The article title: "A virus that kills cancer: the cure that's waiting in the
cold".

The researcher's explanation: "Our results are only in the lab so far, not in
humans, and many treatments that work in the lab can turn out to be not so
effective in humans."

To the uninitiated, "only in the lab" means _in vitro_ (from the Latin "in
glass", meaning in a test tube or Petri dish), not in any living creature, and
certainly not a human being.

This means that the "virus that kills cancer" hasn't ever been called on to
kill cancer in a person suffering from cancer. Just saying.

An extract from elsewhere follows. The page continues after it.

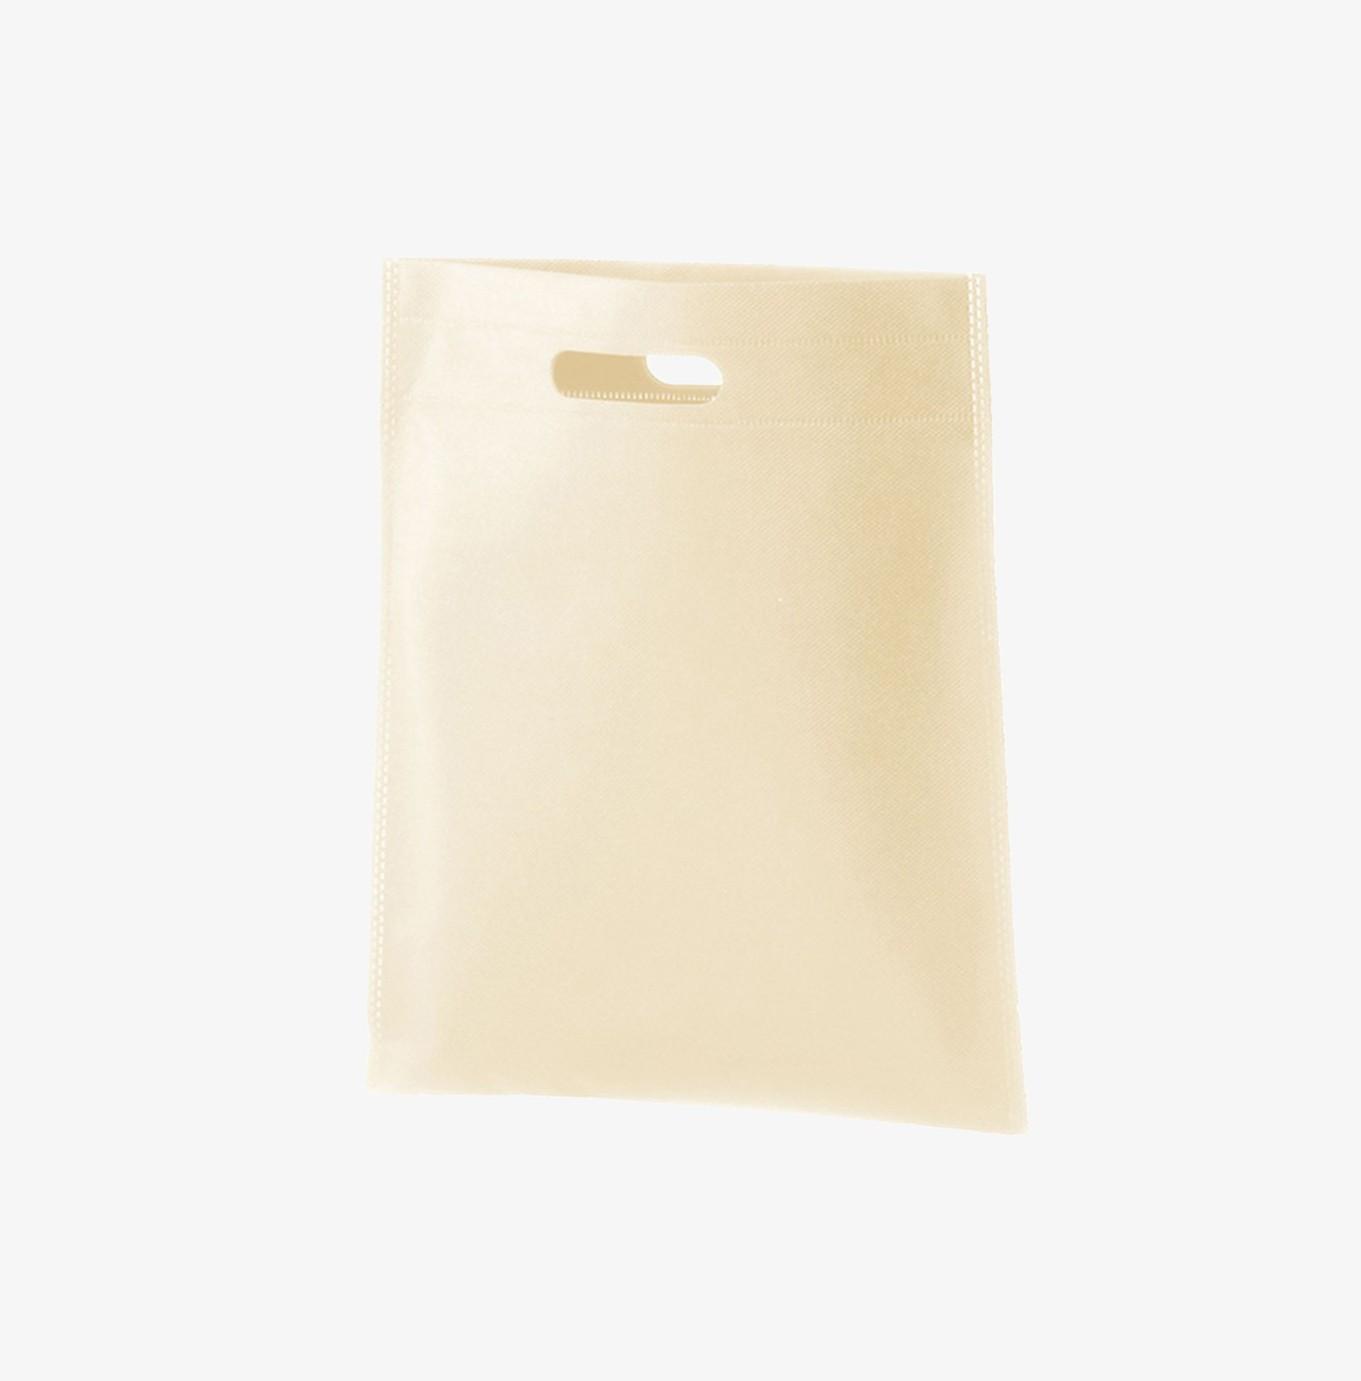 PKD23x35MB 米白色平口袋 23x35cm

There is nothing so tempting to an unscrupulous science journalist as marrying
the words "cancer" and "cure" in an article title. To do this, they often turn
their back on reality, as in this case.

The research may deserve support, but sleazy journalism like this can only
hinder the work, and science.

------
tokenadult
Yesterday's submission

<http://news.ycombinator.com/item?id=4463519>

gained no comments (although more upvotes than this submission so far) and I
see that today's submission has a no-op # character at the end of the URL,
which is considered bad form for a resubmission. I did some looking up of
other sources on the profiled researcher and on the general issue of research
related to adenoviruses and cancer yesterday when the first submission came
in. I liked the article and its overall tone more than (apparently) some of
today's commenters liked it, but didn't upvote it because it is too
preliminary--wild speculation about cancer cures happens every day. The
particular researcher profiled in the article (who seems cautious and
sensible, as quoted by the reporter here) is obscure. The research on
adenoviruses and cancer is vast, going on in many laboratories in many parts
of the world, and so far has been disappointing in its results. This is too
early for front-page news here.

As I typically do, here I once again recommend the article "Warning Signs in
Experimental Design and Interpretation"

<http://norvig.com/experiment-design.html>

by Peter Norvig, Google's director of research. Every day on Hacker News we
see news articles submitted announcing a "cure" for this or that dreaded
disease. Before believing such eagerly awaited stories, check out their
research base and find out if other researchers have replicated and verified
the same research results.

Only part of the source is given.